Magali Hodgson, npower optimisation desk manager said: "With oil prices reaching a 32-month high on 8 April, the energy market remains volatile. The news that Japanese authorities have raised the severity rating of their nuclear crisis to the maximum level will certainly add to this volatility."
The comments came in response to latest data from npower's optimization desk- which assesses analyses energy prices for by businesses buying energy on flexible contracts.
The UK market had reacted "bullishly" to the announcement of a minimum carbon pricing scheme in last month's budget, Hodgson added.
Figures also showed a 40% rise in coal generation which could see bills increase, Hodgson noted.

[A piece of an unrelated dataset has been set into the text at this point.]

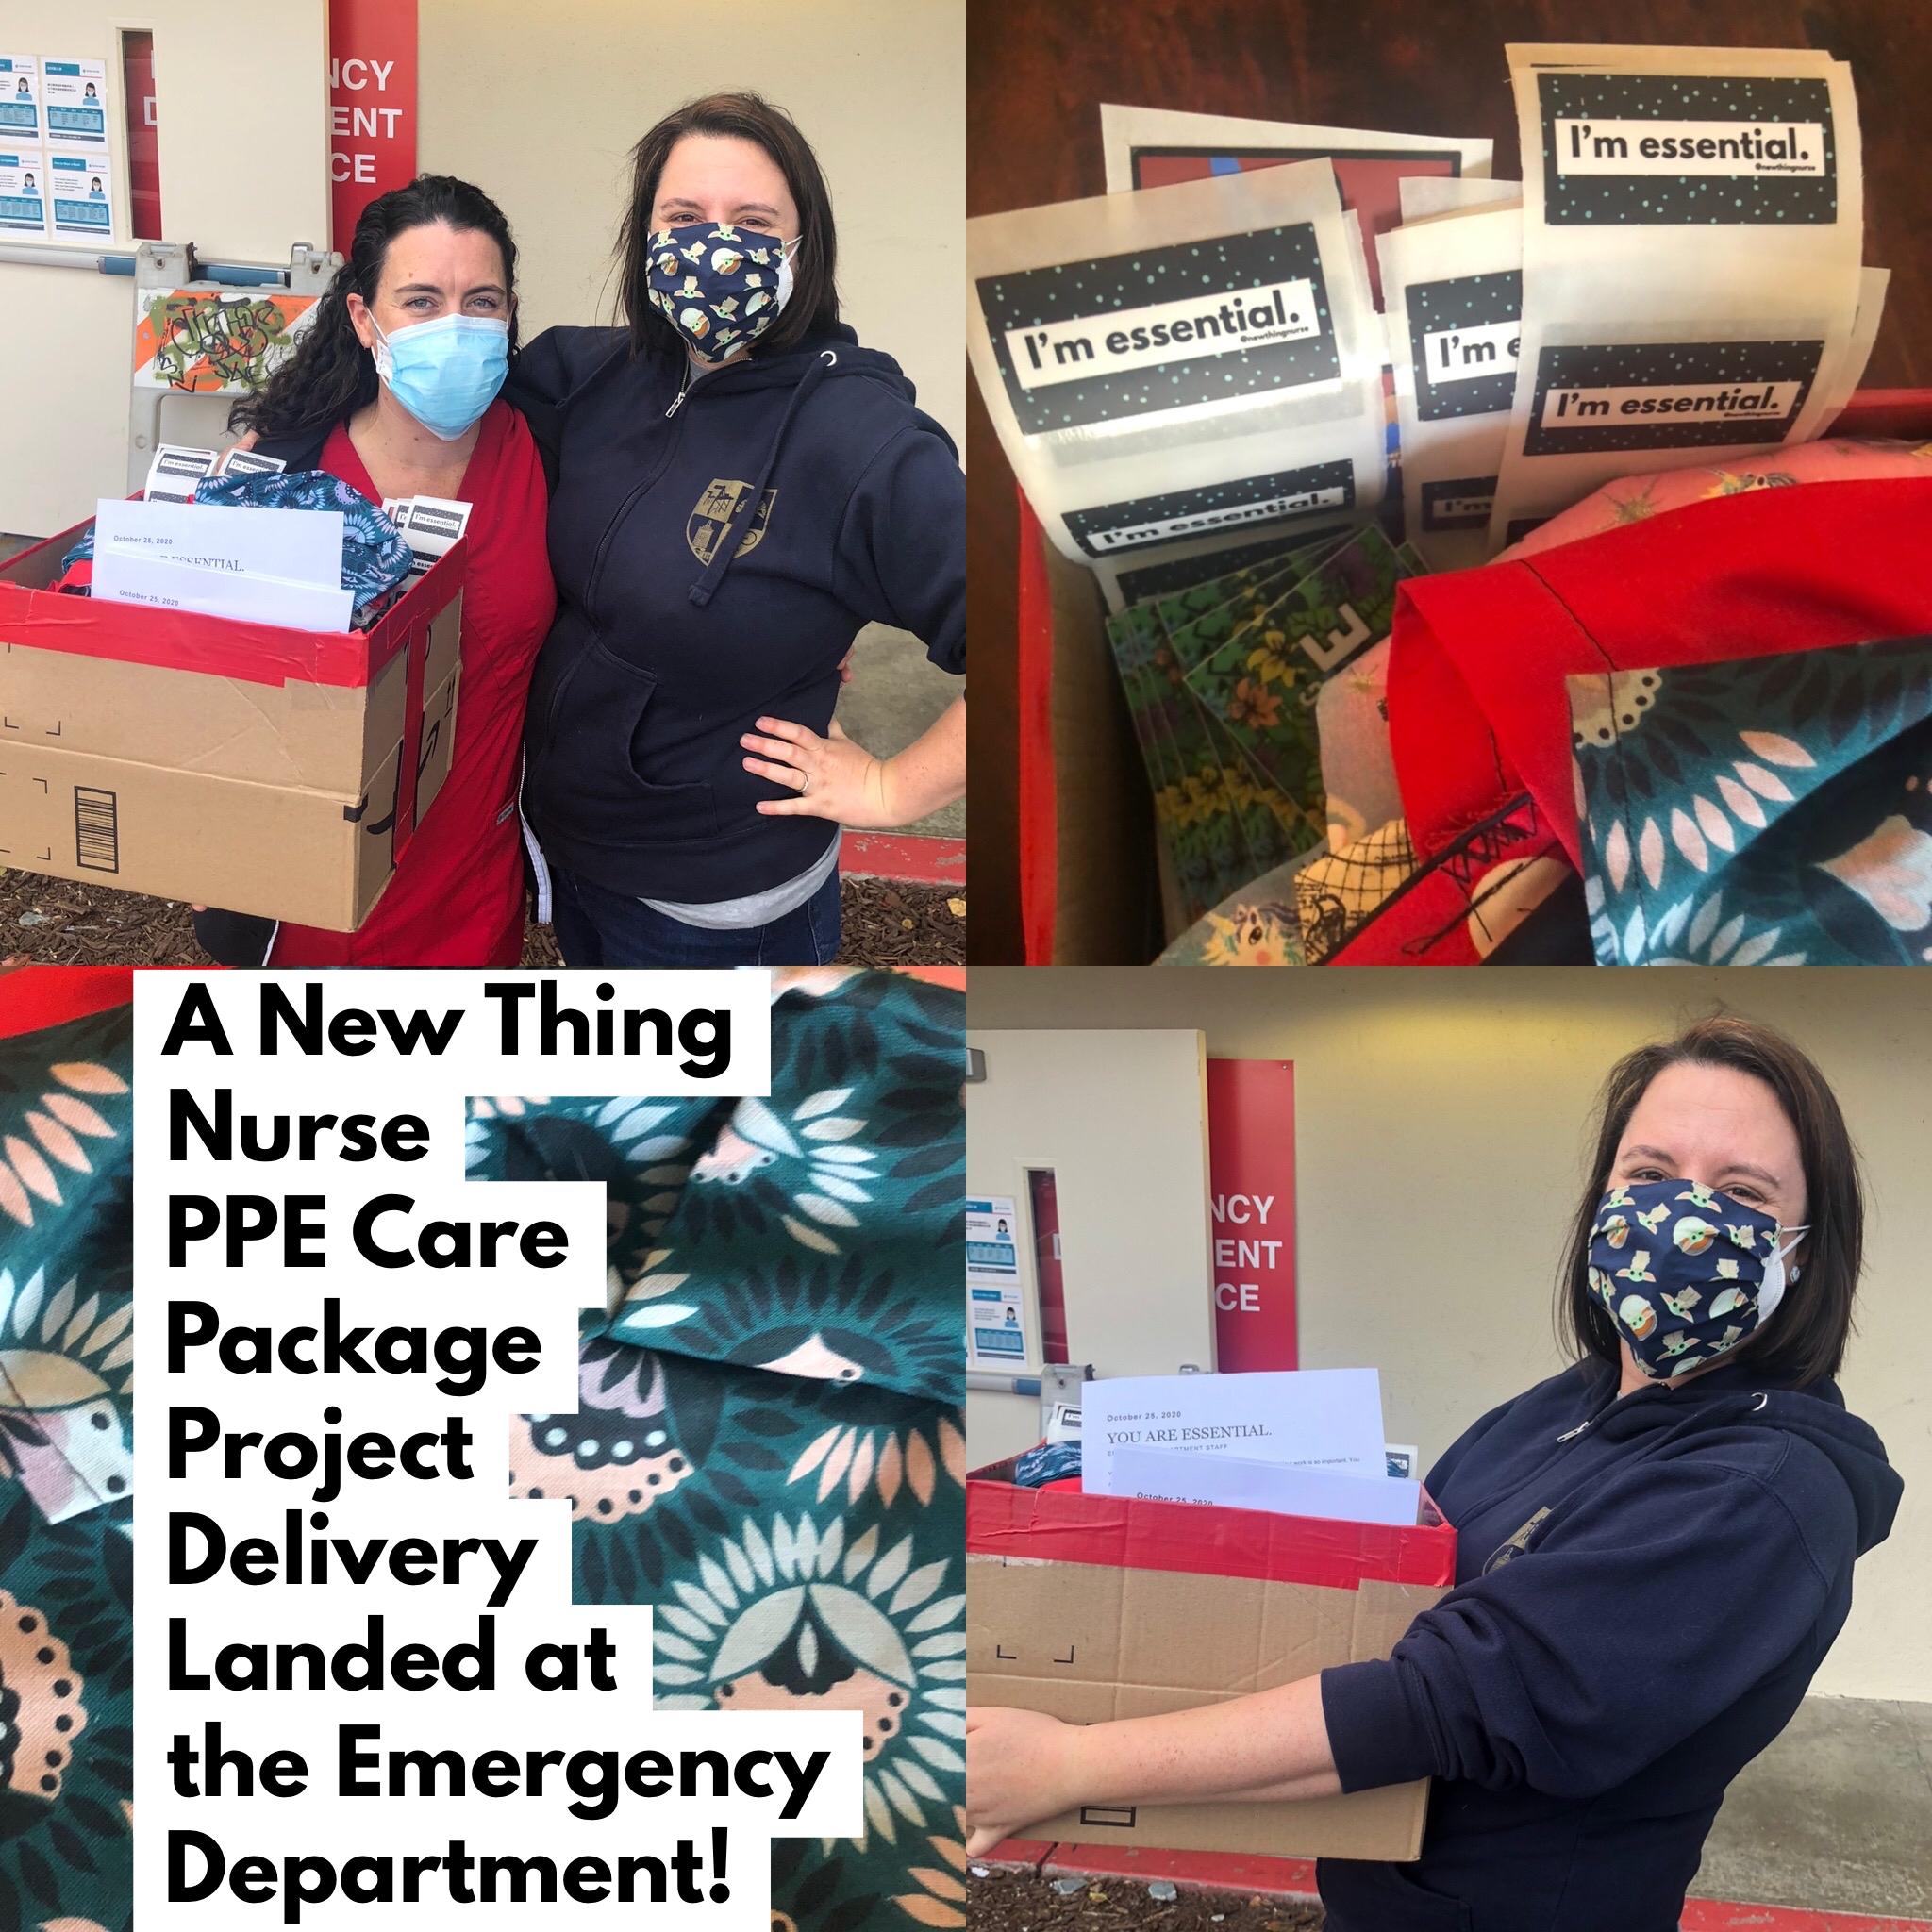 2020年10月25日:80个护士自制的磨砂帽被送到阿尔塔贝茨顶峰医疗中心的急诊室!
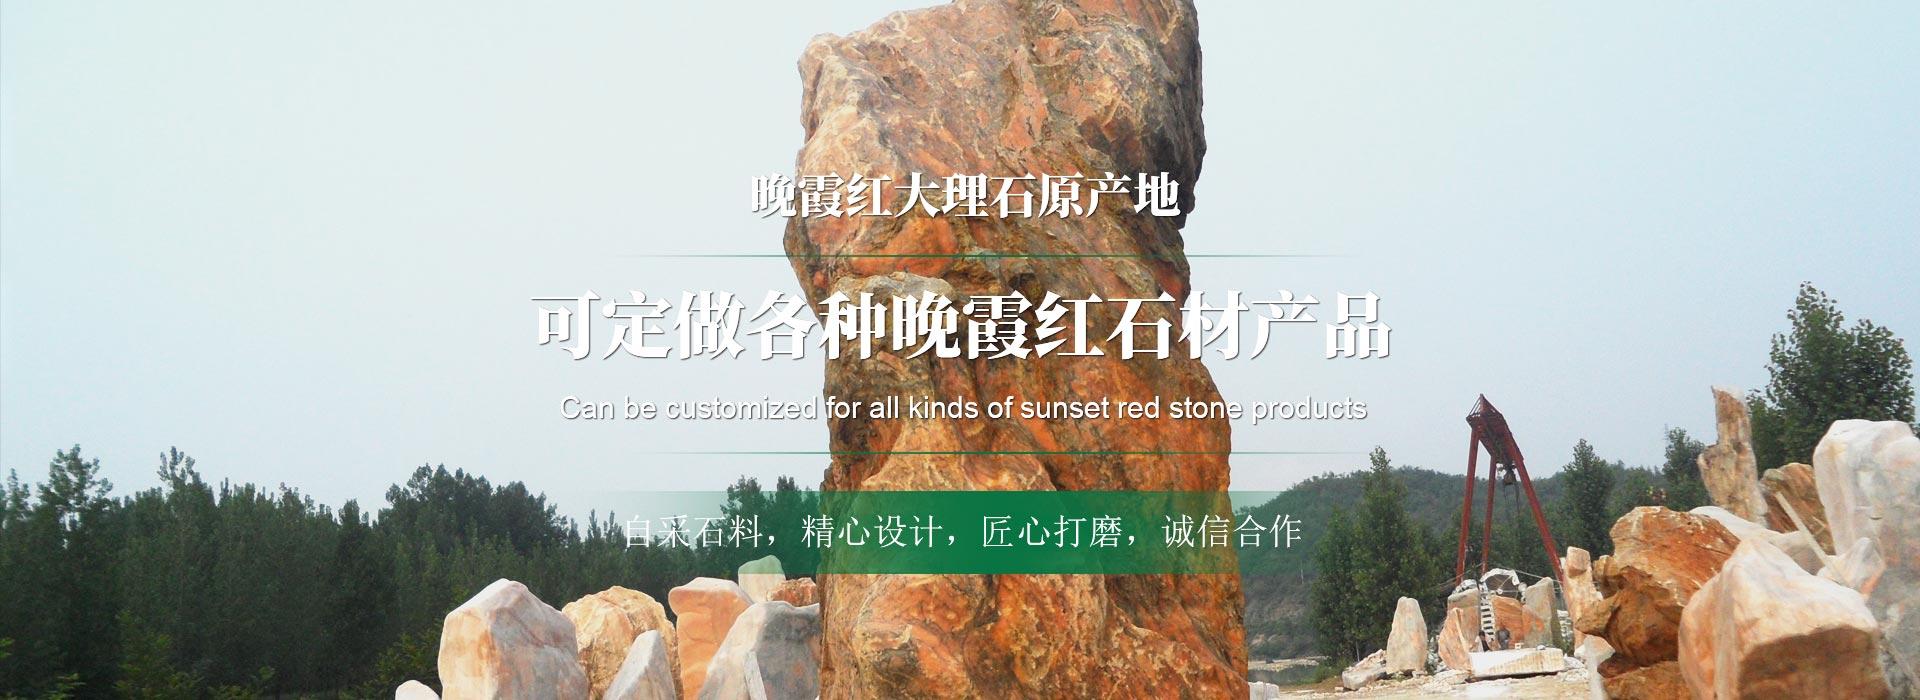 河南蘑菇石

She said: "This increase in coal generation at a time when gas should be the chosen fuel will have an effect on European coal stocks, which could result in higher import requirements and prices."
Overall, the energy market was in mixed mood, Hodgson stressed. All parties were keeping a watchful eye on unrest in the Middle East and Japan, she concluded.
"The outlook for the next couple of weeks is flat to bullish, with the market still assessing the full impact of issues such as the turmoil in the Middle East, the Japanese disaster, nuclear generation and the Carbon Floor Price announcement."